Steven Locke, Homage to the Auction Block #44-respite. Gouache on panel. 16 x 16 inches. June 2020. (LaMontagne Gallery)

Wednesday, August 12th, 2020
1 PM EDT
Live on Facebook and Youtube
 
Artists Steve Locke and Ben Hall will discuss Locke’s current work, Homage to the Auction Block, a series informed by Josef Albers’ Homage to the Square. Much of Locke’s earlier work deals with the human body and the grid. With his newest work he has moved from the anonymous, embattled body to the very specific body of the individual. In Homage to the Auction Block, Locke brings color theory to his ongoing dialogue on images of racial exploitation in American history including the conflicted past Locke explored in the Auction Block Hall Proposal and the Three Deliberate Grays for Freddie at the Isabella Stewart Gardner Museum.

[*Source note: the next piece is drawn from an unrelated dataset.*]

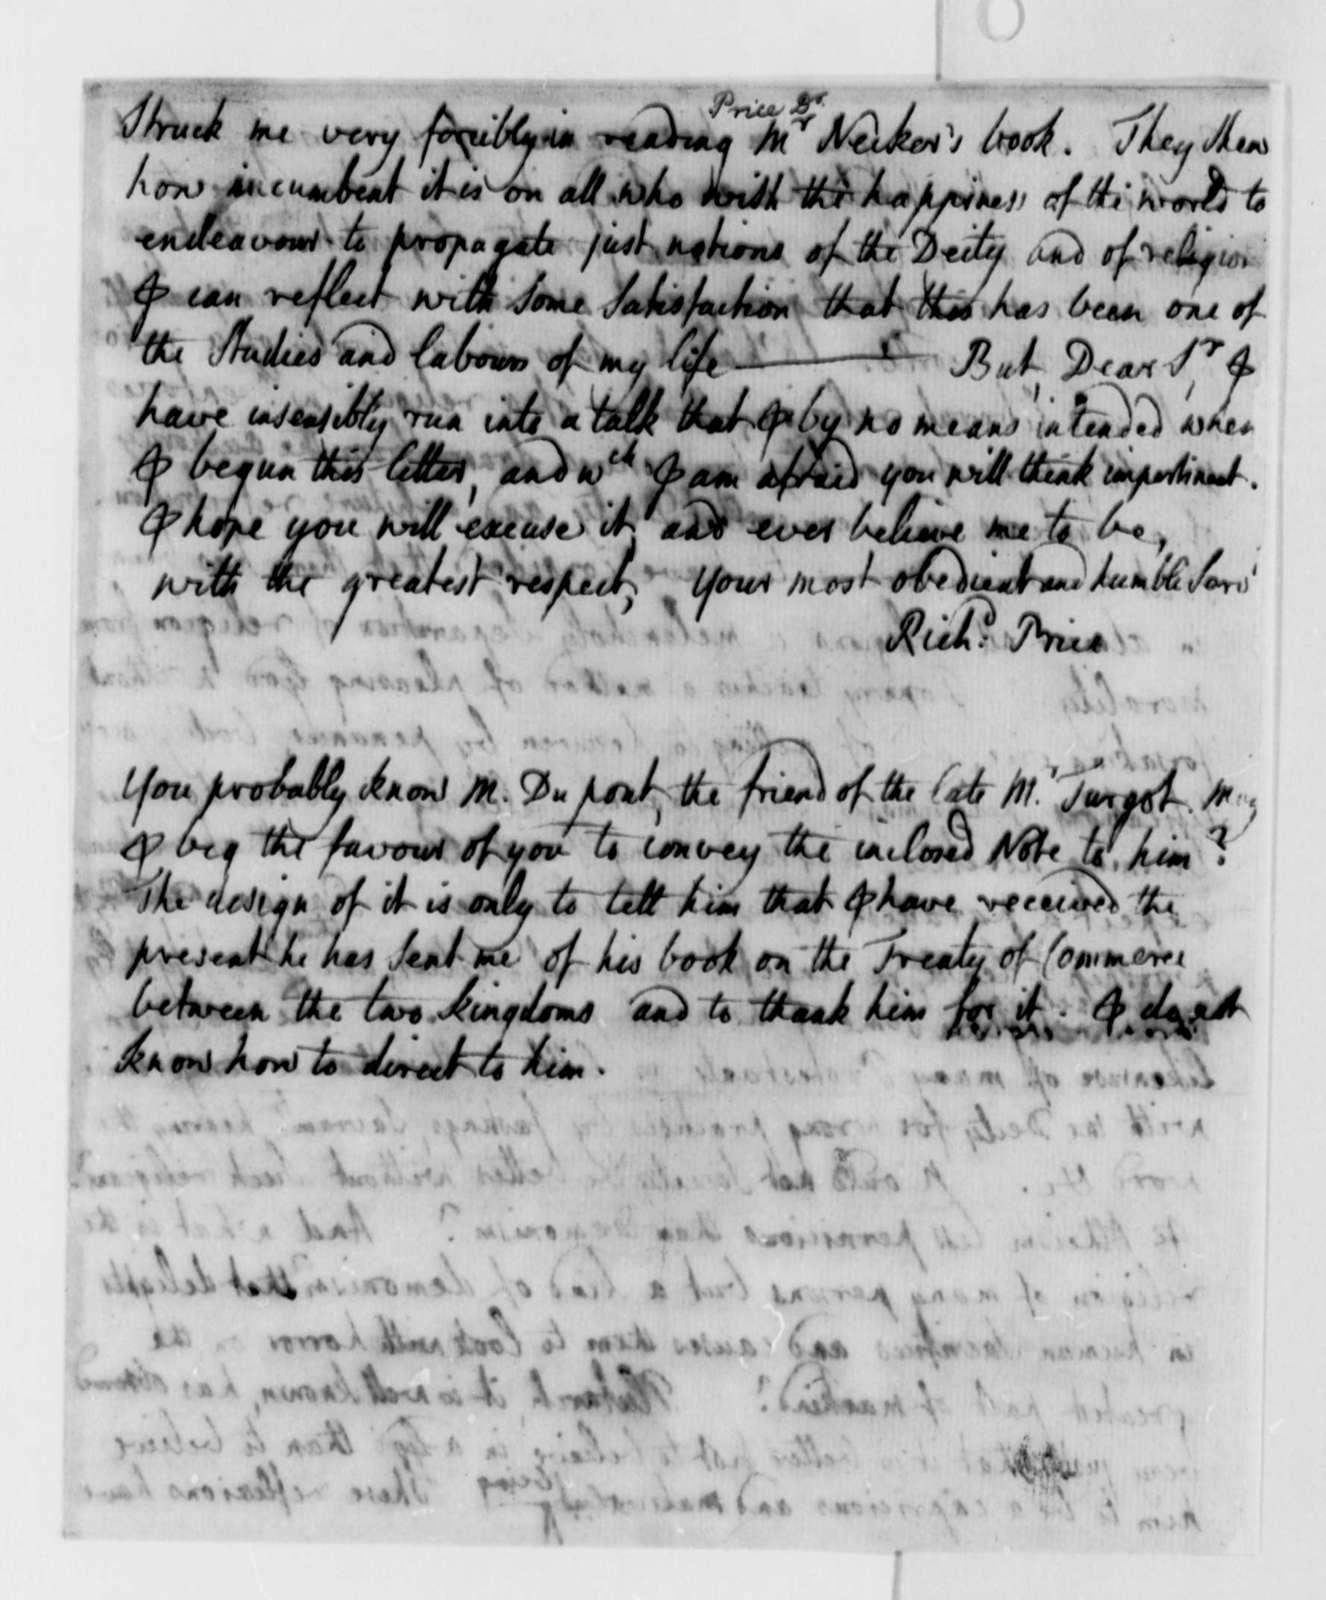 Richard Price to Thomas Jefferson, October 26, 1788

Steve Locke was born in Cleveland, Ohio, and raised in Detroit, Michigan. He received his M.F.A. in 2001 from Massachusetts College of Art and Design and attended Skowhegan in 2002. He has had residencies with the City of Boston (2018), the Isabella Stewart Gardner Museum (2016), and The MacDowell Colony (2015). He has received grants from Pollock-Krasner Foundation, Louis Comfort Tiffany Foundation, and Art Matters Foundation. He has had solo exhibitions at the Institute of Contemporary Art, Boston, and the Museum of Contemporary Art Detroit.

Locke has done projects with ForFreedoms, Kickstarter, the Boston Public Library, the Gardner Museum, and P.S. Satellites/Prospect IV in New Orleans and has had gallery exhibitions with yours mine & ours, Samsøñ, Gallery Kayafas, and Mendes Wood. His work has been reviewed in ARTFORUM, Art in America, Art New England, JUXTAPOZ, The Boston Globe, and The New Yorker. Currently a Professor at Pratt Institute, Steve is a painter whose work lives at the intersections of portraiture, identity, and modernism. He uses painting’s ability to direct the gaze to help us look critically and unflinchingly at our shared history. His work can be seen at www.stevelocke.com

Photo credit: Joanna Eldredge Morrissey

Ben Hall, Detroit-based artist and composer. He received his undergraduate degree from Bennington College where he focused on Quaker-based mediation and conflict resolution and studied drums with Milford Graves. Hall produces new American improvisation on his record labels brokenresearch and Ornette Coleman Fiend Club, including the last small group recordings of visionary trumpeter and composer Bill Dixon. His practice also includes curating Bap-tizum.com, the world’s largest online Black American spiritual collection.

Hall has written for The Wire and BOMB and was profiled in Fred Moten’s book Black and Blur (Consent not to be a single being). Hall contributed the essay “Face Changer” to BMCM+AC 2018 exhibition catalogue Between Form and Content: Perspectives on Jacob Lawrence and Black Mountain College. His upcoming exhibition 2021 exhibition at Essex Flowers is titled Jives n Gambles and focuses on the work of Philip Guston and William Faulkner as interlocutors of racism.